Microsoft OneDrive
Connect your Microsoft OneDrive to SurfSense
Microsoft OneDrive OAuth Integration Setup Guide
This guide walks you through setting up a Microsoft OneDrive OAuth integration for SurfSense using Azure App Registration.
Microsoft OneDrive and Microsoft Teams share the same Azure App Registration. If you have already created an app for Teams, you can reuse the same Client ID and Client Secret. Just make sure both redirect URIs are added (see Step 3).
Step 1: Access Azure App Registrations
- Navigate to portal.azure.com
- In the search bar, type "app reg"
- Select "App registrations" from the Services results
Step 2: Create New Registration
- On the App registrations page, click "+ New registration"
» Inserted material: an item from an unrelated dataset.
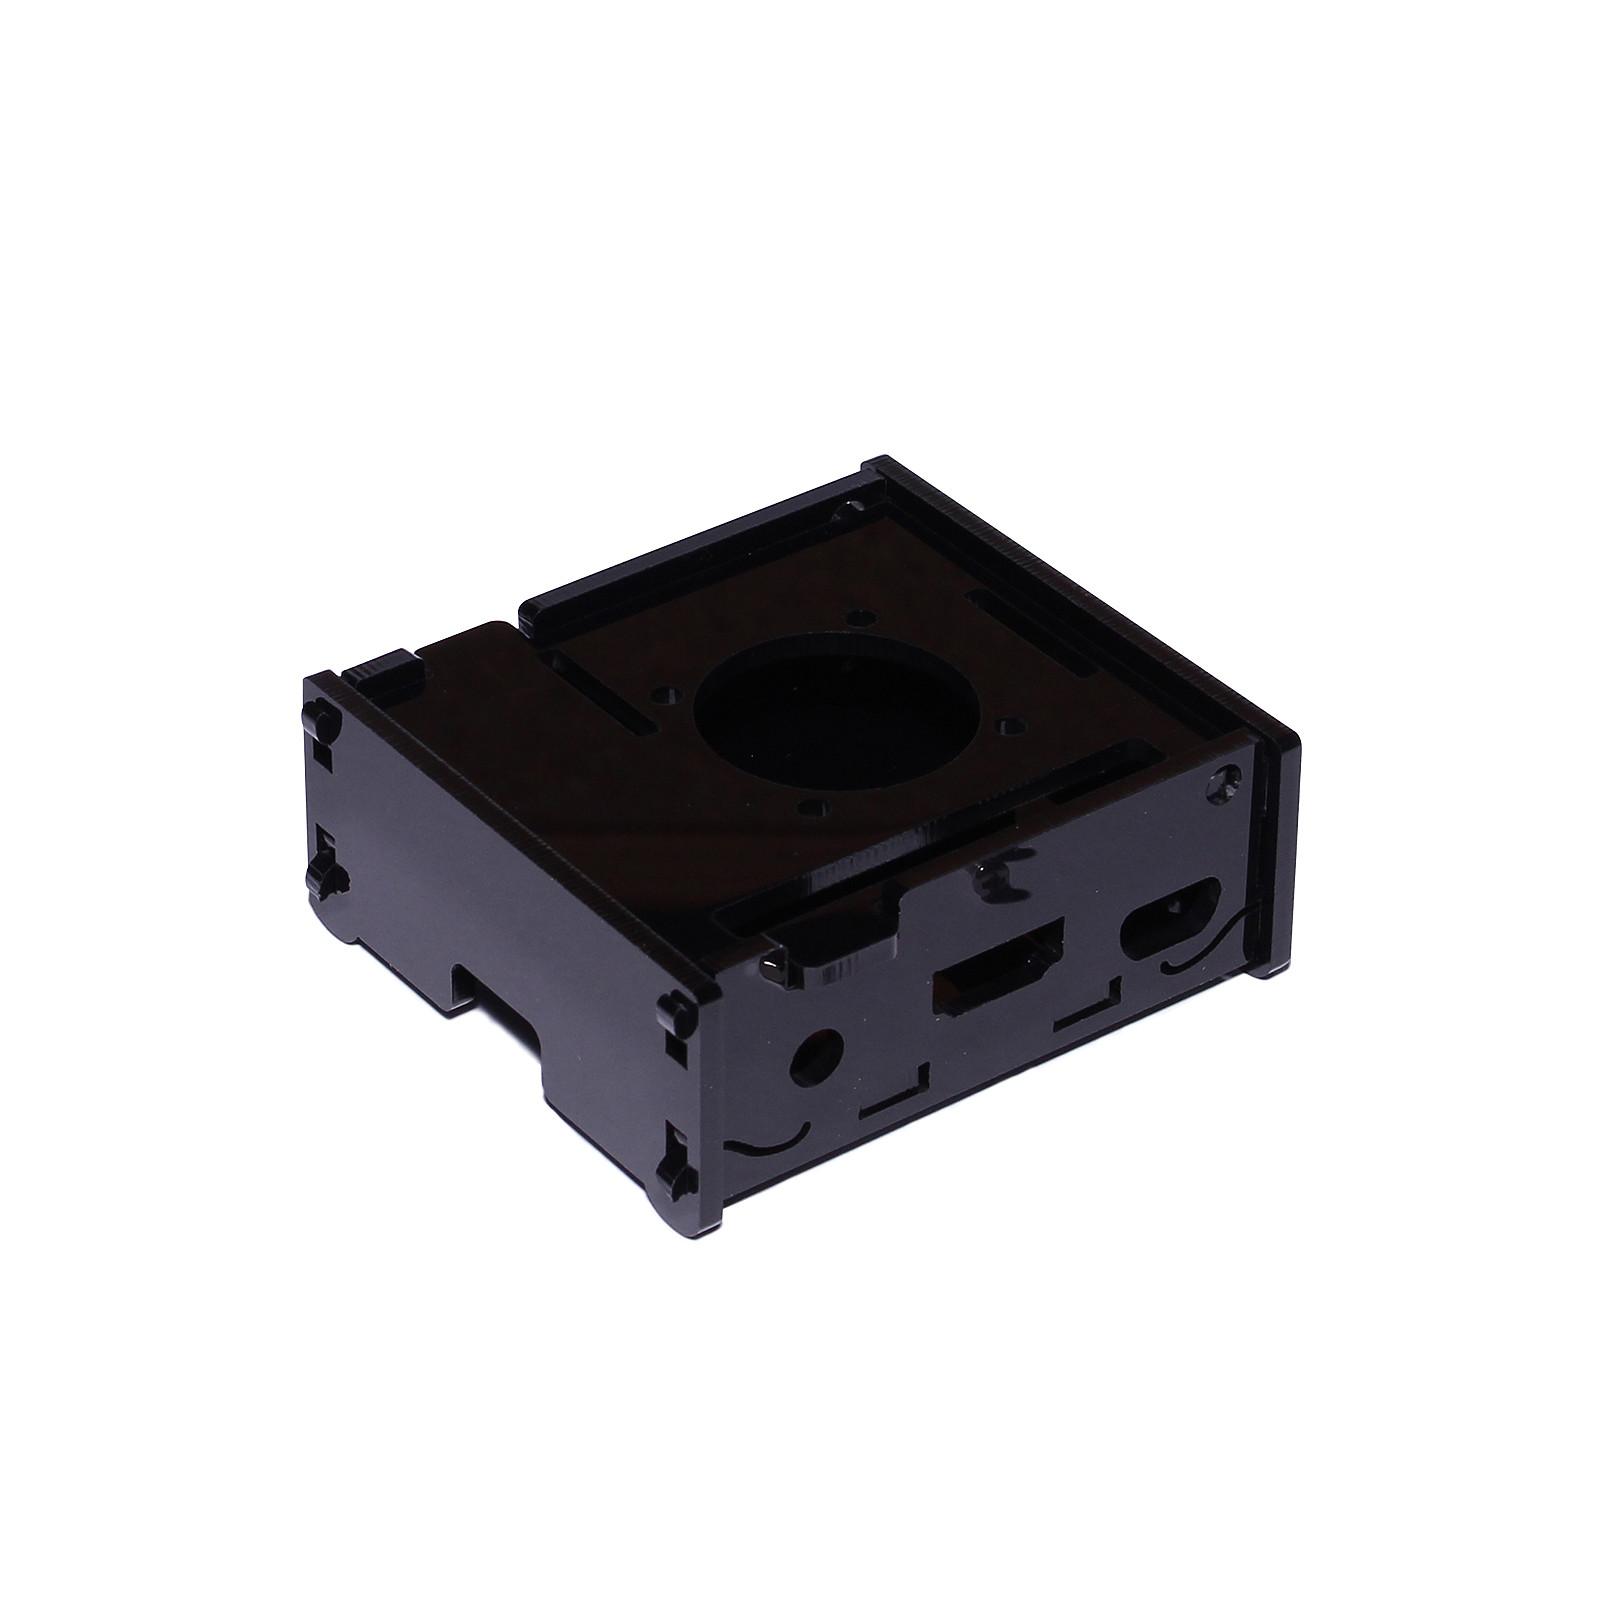 Estuche para frambuesa Pi 3 A+ con soporte para ventilador (negro)

Step 3: Register the Application
Fill in the application details:
| Field | Value |
|---|---|
| Name | SurfSense |
| Supported account types | Select "Accounts in any organizational directory (Any Microsoft Entra ID tenant - Multitenant) and personal Microsoft accounts" |
| Redirect URI | Platform: Web, URI: http://localhost:8000/api/v1/auth/onedrive/connector/callback |
Click "Register"
After registration, add the Teams redirect URI as well (if you plan to use the Teams connector):
- Go to Authentication in the left sidebar
- Under Platform configurations > Web > Redirect URIs, click Add URI
- Add:
http://localhost:8000/api/v1/auth/teams/connector/callback - Click Save
Step 4: Get Application (Client) ID
After registration, you will be taken to the app's Overview page. Here you will find:
- Copy the Application (client) ID - this is your Client ID
- Note the Directory (tenant) ID if needed
Step 5: Create Client Secret
- In the left sidebar under Manage, click "Certificates & secrets"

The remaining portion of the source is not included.